Re: Proposal: release 2.2 (based on current trunk) before 3.0 (based on 8099)

2015-05-10 Thread Phil Yang
How about naming it 2.9 as a development preview version before 3.0? If
this version and 3.0 are close in functionality, it is not a good idea that
the two version number have a huge difference.
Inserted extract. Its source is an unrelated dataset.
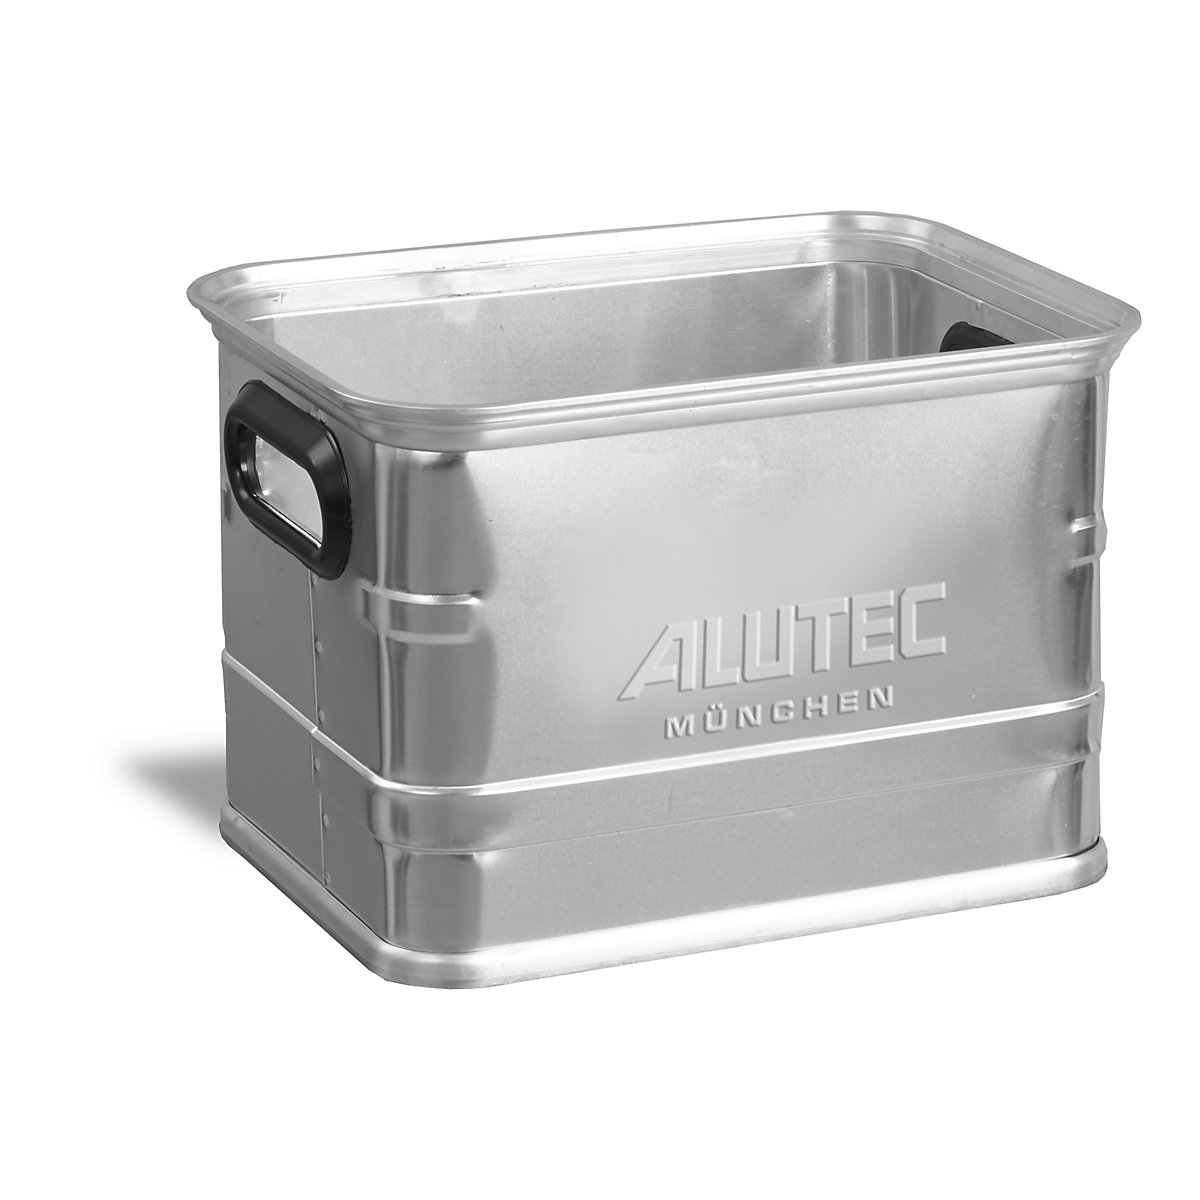 Caja de transporte de aluminio

And after 3.0 being shipped,
I think we should stop maintaining this version because of the similarity
with 3.0 and still maintain 2.1.x since 2.1.0 was shipped 8 months ago and
just have a "maybe product ready" version 2.1.5.
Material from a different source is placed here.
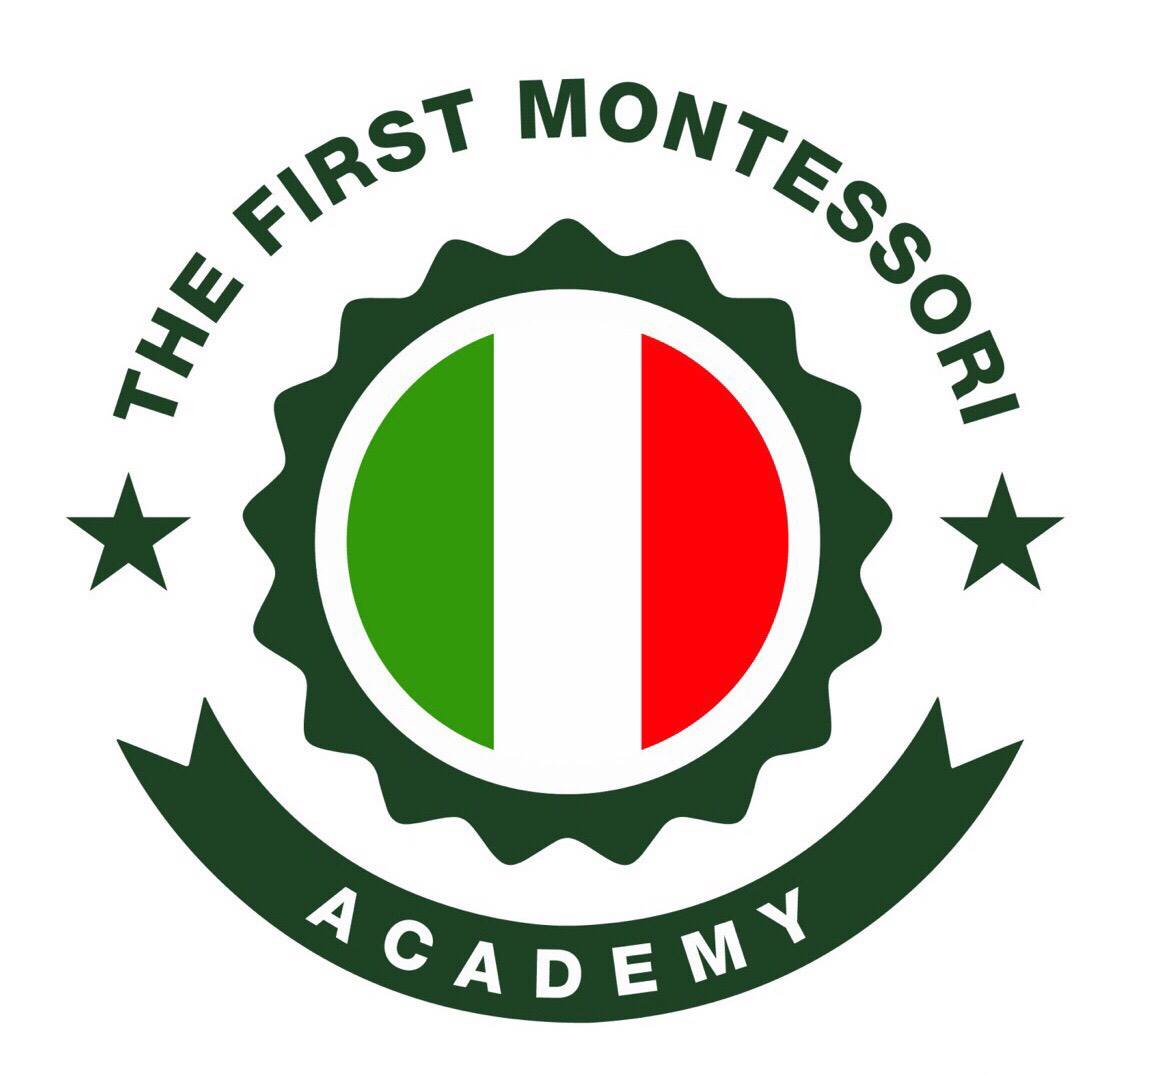 Trường Mầm non The First Montessori Academy – Khu dân cư An Khang, Đường Võ Chí Công, Phường Phú Hữu, Quận 9, TPHCM

2015-05-10 20:17 GMT+08:00 :

> To clarify, I'm +1ing the creation of a stable 2.2 branch, prior to
> 8099, in order to not block certain key features, as mentioned. Neutral
> on any additional nuances.
>
> -Tupshin
>
> On Sun, May 10, 2015, at 08:05 AM, tups...@tupshin.com wrote:
> > +1
> >
> > On Sat, May 9, 2015, at 06:38 PM, Jonathan Ellis wrote:
> > > *With 8099 still weeks from being code complete, and even longer from
> > > being
> > > stable, I’m starting to think we should decouple everything that’s
> > > already
> > > done in trunk from 8099.  That is, ship 2.2 ASAP with - Windows
> support-
> > > UDF- Role-based permissions - JSON- Compressed commitlog- Off-heap row
> > > cache- Message coalescing on by default- Native protocol v4and let 3.0
> > > ship
> > > with 8099 and a few things that finish by then (vnode compaction,
> > > file-based hints, maybe materialized views).Remember that we had 7
> > > release
> > > candidates for 2.1.  Splitting 2.2 and 3.0 up this way will reduce the
> > > risk
> > > in both 2.2 and 3.0 by separating most of the new features from the big
> > > engine change.  We might still have a lot of stabilization to do for
> > > either
> > > or both, but at the least this lets us get a head start on testing the
> > > new
> > > features in 2.2.This does introduce a new complication, which is that
> > > instead of 3.0 being an unusually long time after 2.1, it will be an
> > > unusually short time after 2.2.  The “default” if we follow established
> > > practice would be to*
> > >
> > >-
> > >
> > >EOL 2.1 when 3.0 ships, and maintain 2.2.x and 3.0.x stabilization
> > >branches
> > >
> > >
> > > *But, this is probably not the best investment we could make for our
> > > users
> > > since 2.2 and 3.0 are relatively close in functionality.  I see a
> couple
> > > other options without jumping to 3 concurrent stabilization series:*
> > >
> > >
> > >
> > > * - Extend 2.1.x series and 2.2.x until 4.0, but skip 3.0.x
> stabilization
> > > series in favor of tick-tock 3.x- Extend 2.1.x series until 4.0, but
> stop
> > > 2.2.x when 3.0 ships in favor of developing 3.0.x insteadThoughts?*
> > >
> > > --
> > > Jonathan Ellis
> > > Project Chair, Apache Cassandra
> > > co-founder, http://www.datastax.com
> > > @spyced
>



-- 
Thanks,
Phil Yang


Re: Proposal: release 2.2 (based on current trunk) before 3.0 (based on 8099)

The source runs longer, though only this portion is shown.